The Valley Center for the Blind (VCB) teamed up with employees from the City of Fresno's Public Works Department Tuesday to give them a feel for what it's like to be visually impaired.
The goal of the sensitivity training was for them to better understand how visually impaired people move around the city and for engineers and designers to apply that knowledge when planning future projects.
Employees using canes were blindfolded and guided along sidewalks outside City Hall.
"It feels kind of like everybody's taking your power away because you don't know where you're going or what you're doing. It makes it a big difference to have to rely on someone to kind of have to help you get around," says Jon Clark, who works in street maintenance for the City of Fresno.

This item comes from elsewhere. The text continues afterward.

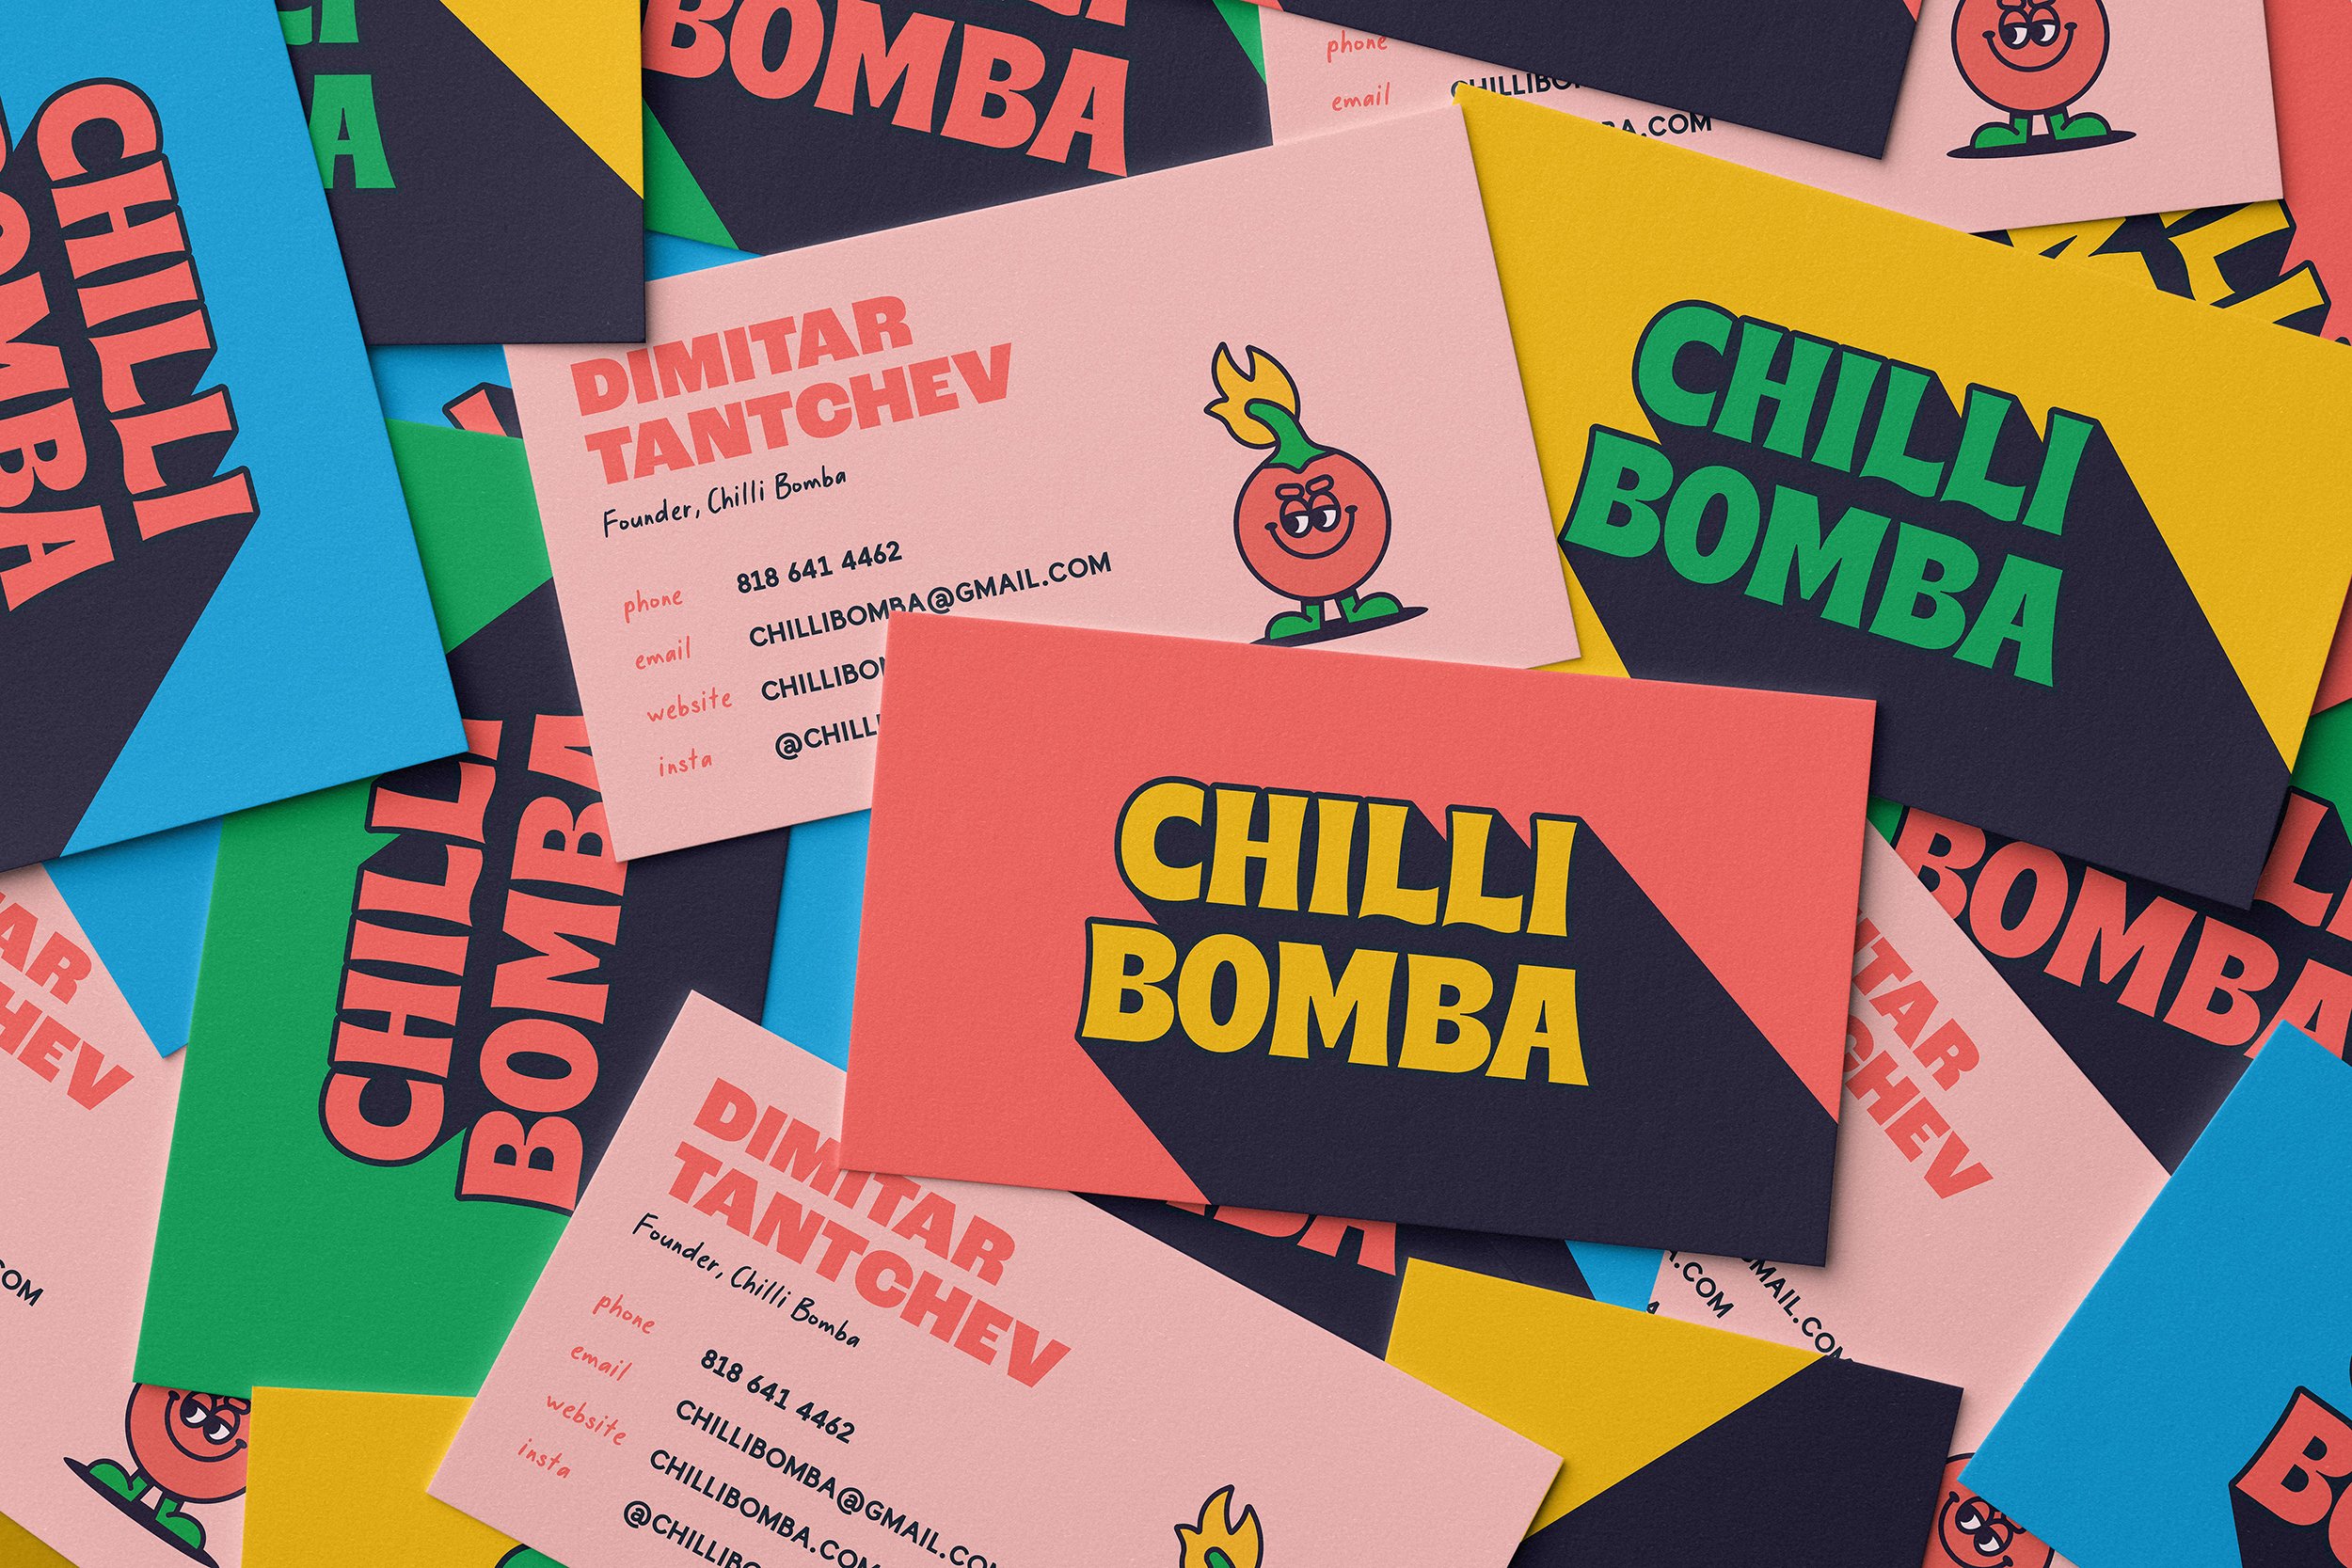 Logo, brand identity, packaging, character design and e-commerce website for gourmet adult candy Chilli Bomba designed by London-based studio New Genre

Non-visual cues around the city help those who are navigating without sight. Talking or beeping traffic signals let people know when they can cross in the walkway, and the yellow bumps at the edge of the sidewalk (called truncated domes) let people know they've reached an intersection.
But visual signals do those without vision no good--creating a potentially hazardous situation. At the intersection of Tulare and O streets in downtown Fresno, a sign lets people know that the sidewalk on the other side of the street is closed due to construction-- something a blind person travelling by him or herself could not read.
"They get to see the little things that are taken for granted as a sighted person, such as a crack on the sidewalk, a pole a little too far from the intersection where you're going to line up," says Frank Lizarde, 48, who was born blind.
Although Lizarde faces challenges as a blind person, he doesn't let those challenges hinder his mobility and independence.
That's something Ken Warkentin, executive director of VCB, understands. Three years ago, his daughter Shaela was hurt in a bad accident and lost her vision. She's had to relearn to be mobile.
"Being able to get to school, to and from work, all those types of things--independent travel is very important," Warkentin says.
At the end of the training, city workers said that being blindfolded and having to be guided to walk along sidewalks made them feel lost, afraid, uncertain and hopeless. They said it was mentally exhausting.
With a better understanding, the goal is for future city projects to be planned using what was learned in the sensitivity training so that visually impaired people can be able to move independently without putting their safety at risk.